[Opening Material provided section]

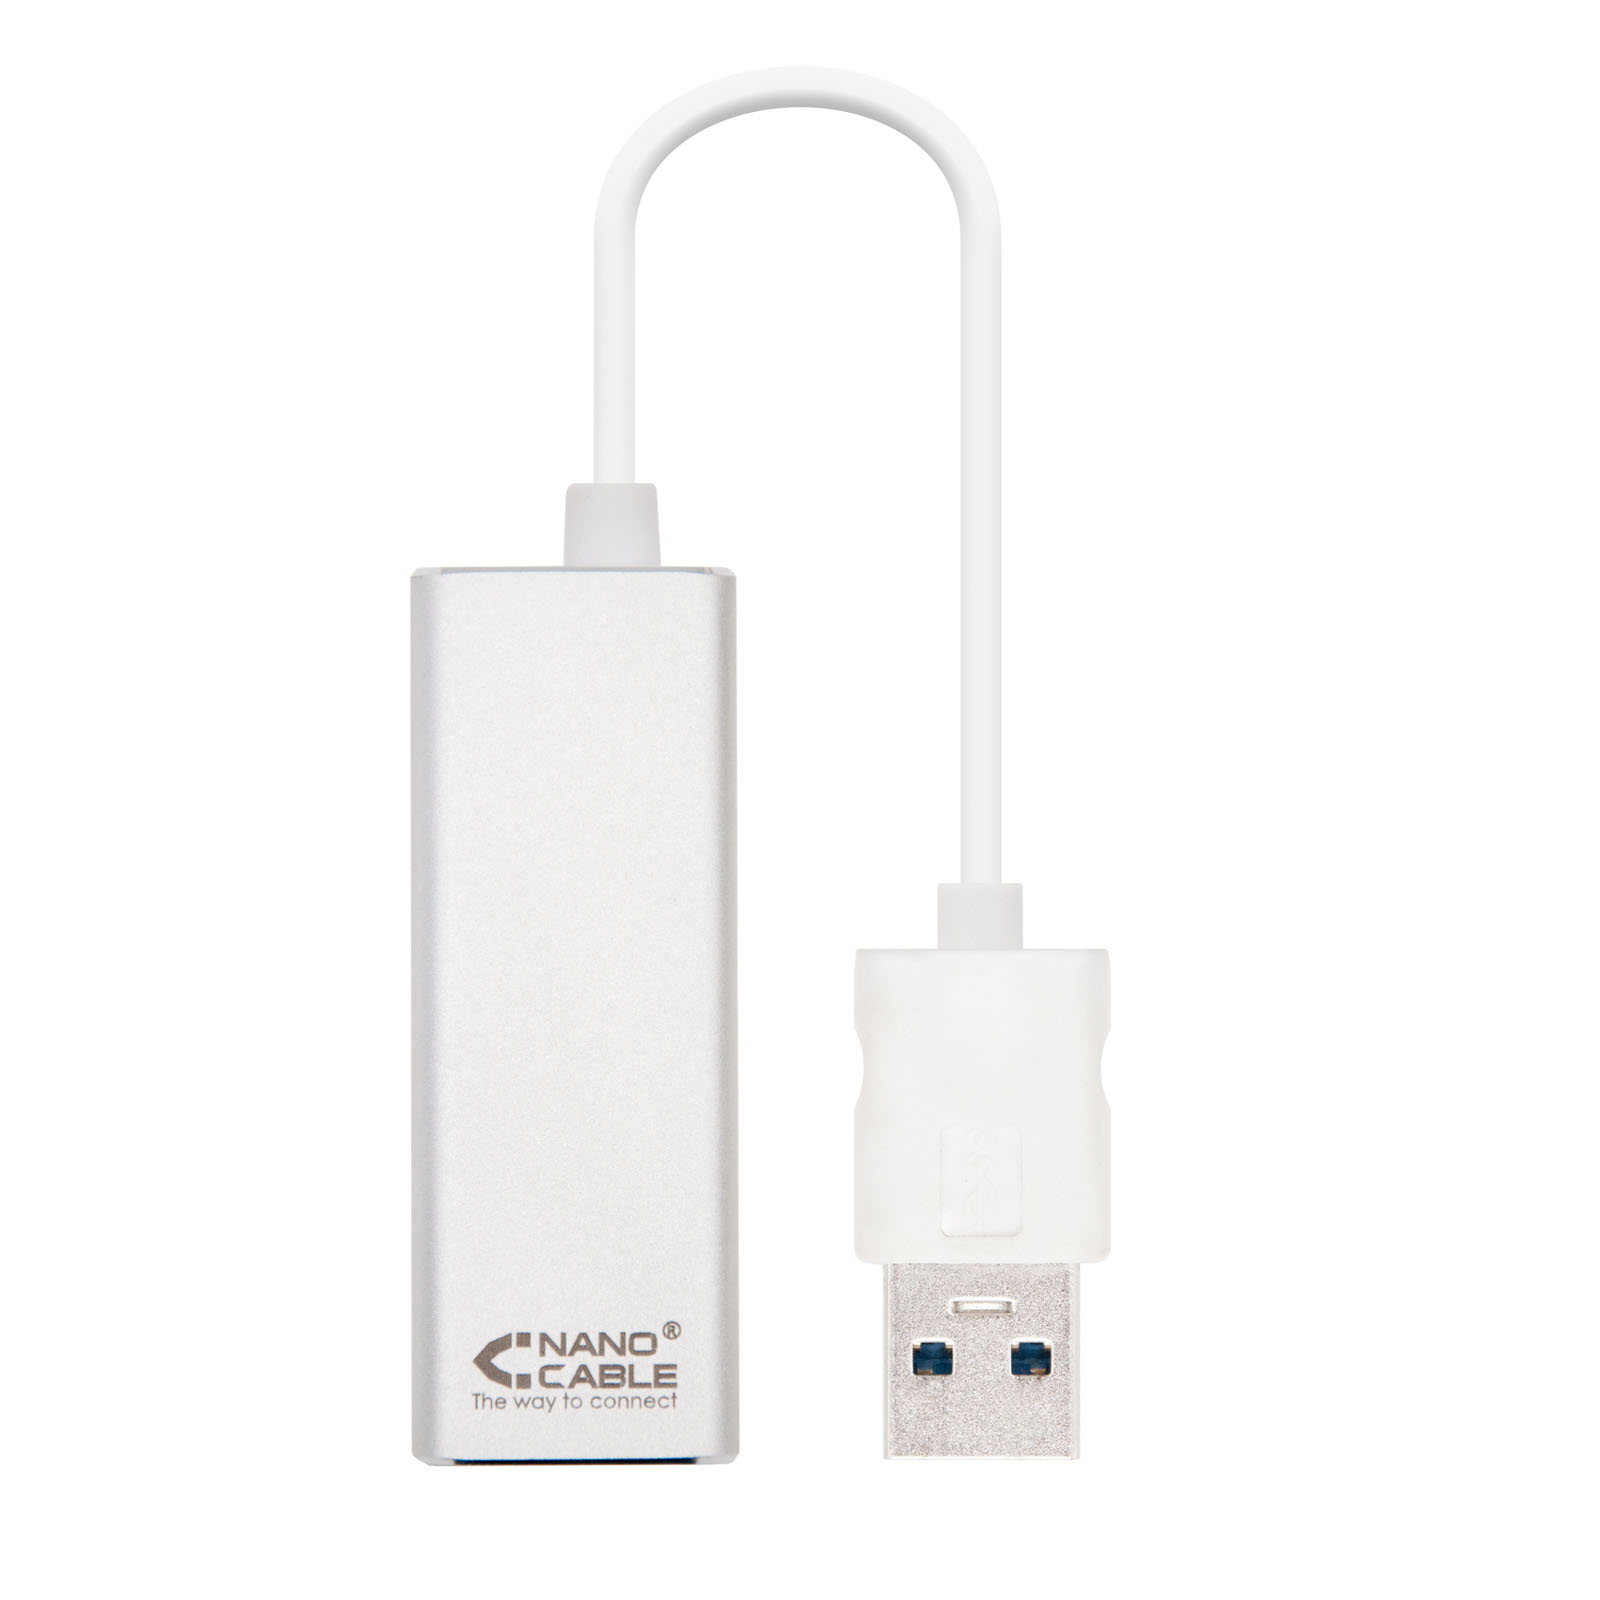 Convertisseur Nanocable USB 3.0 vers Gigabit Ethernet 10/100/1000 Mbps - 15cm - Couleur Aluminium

[Closing Material provided section]
[Opening Material provided section]

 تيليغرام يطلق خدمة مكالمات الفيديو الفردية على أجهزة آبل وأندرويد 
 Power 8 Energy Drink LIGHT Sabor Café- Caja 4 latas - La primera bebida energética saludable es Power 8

[Closing Material provided section]

**Required work**
The lines above from the one with "تيليغرام يطلق خدمة" through the one with "Power 8 Energy" are to be duplicated exactly, ends included, with nothing added.

**Solution for this task**
 تيليغرام يطلق خدمة مكالمات الفيديو الفردية على أجهزة آبل وأندرويد 
 Power 8 Energy Drink LIGHT Sabor Café- Caja 4 latas - La primera bebida energética saludable es Power 8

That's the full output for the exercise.